Now, on the responsibility side, we had legal, security, and finance that needed us to not only adhere to security standards, but also dealing with the ever-changing terms of use across every major version of these models. These TOUs are just flying in from left and right and they can change at any given moment. We had licensing issues, EULAs had to be accepted, and finally aligning with our government policies. And so with that, we needed to move as fast as a developer, but with the seniority of a lawyer.
Now, I added the "tech" right out here just to kind of show you that this problem is much bigger than just AI. It involves around any form of technology that you're trying to adopt.
So with that, our hero steps into this story. We developed this framework called the A-through-F framework. This framework alone drove the single biggest change across Adobe. Not only did it allow us to align all stakeholders in the entire process — from security, legal, privacy, and ethics — but it allowed our product teams to quickly understand what it meant for a use case to be defined within Adobe. So let's walk through it.
We have our team for the example here. I chose the customer support engineering team. This could be any team within your own organizations. This can be the Adobe Acrobat team, for example, with the objective to improve customer quality of service.
We then define the audience they want to target: internal customer service reps within Adobe. With the input data of published documentation and internal runbooks.
Now data is probably the core critical piece here because that defines everything. So when we ask someone to explain what their use case is — when it comes to the input data, we have four different data classifications. There's public and/or synthetic data, right? Easy. There's internal data. Then we have confidential data and restricted data.
So as teams go out filling out their use case, we then ask them: hey, which technology are you targeting? So in this example, I leverage Azure OpenAI. Now given just as context alone, security, privacy, and legal now quickly have a pretty good understanding of what the team is trying to achieve, the technology that they're trying to leverage, and the data classification that they're trying to choose for that experiment or for that implementation.

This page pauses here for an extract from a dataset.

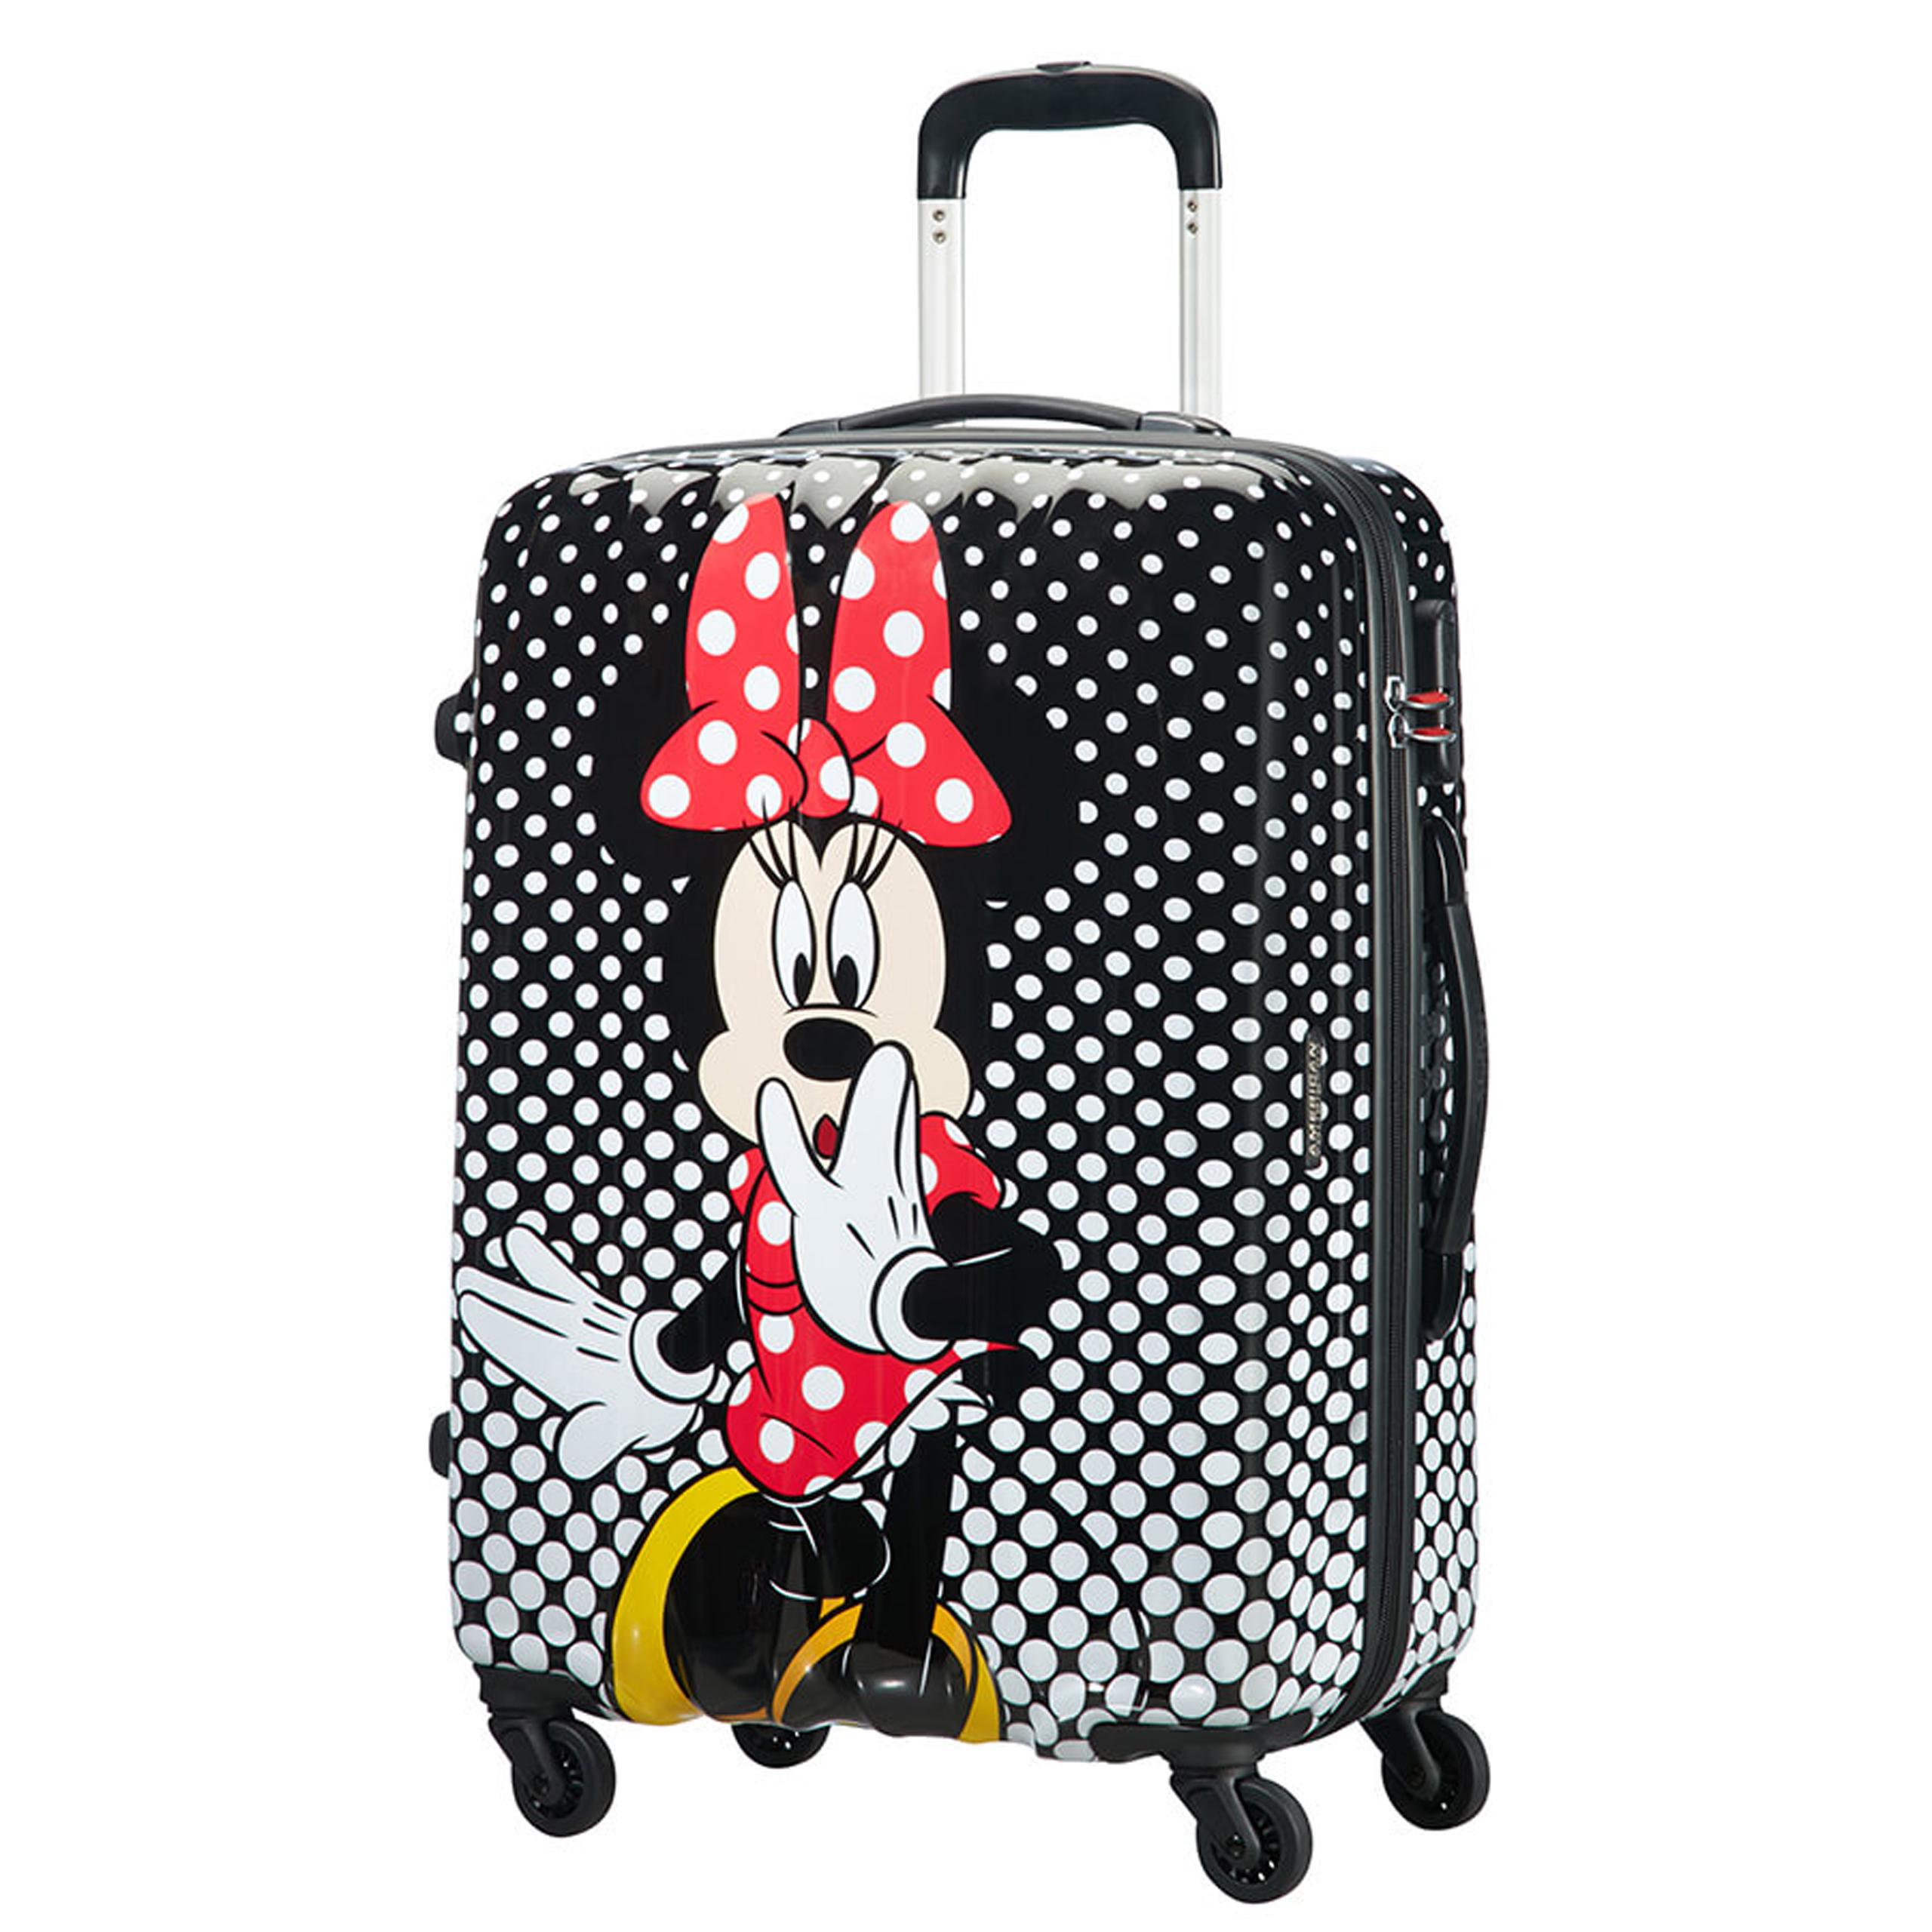 b31b83e930c3f Walizka American Tourister Disney Legends Minnie Mouse Polka Dot 65 cm 19C  19 019

Then we have the output. What is your output? What is the classification of the output, and how's it going to be used?
This gave us a really insightful data trove of information that we can now present to teams.
Now, there was a point in Adobe's lifecycle when we introduced this framework where the use cases just started to grow and grow and grow. I think in the first month alone, we got roughly over 400 use cases submitted by multiple different teams across Adobe — not just engineering teams, mind you. Finance teams, legal, even the data analysts had their own use cases to make themselves productive.
Now there's a very important piece here, which is the audience. We divide use cases into two different categories. The first category is internal use cases, and the second category is external use cases. These are use cases, for example, of AI that's being included into our own products. And I'll kind of tell you why that's important in just a moment.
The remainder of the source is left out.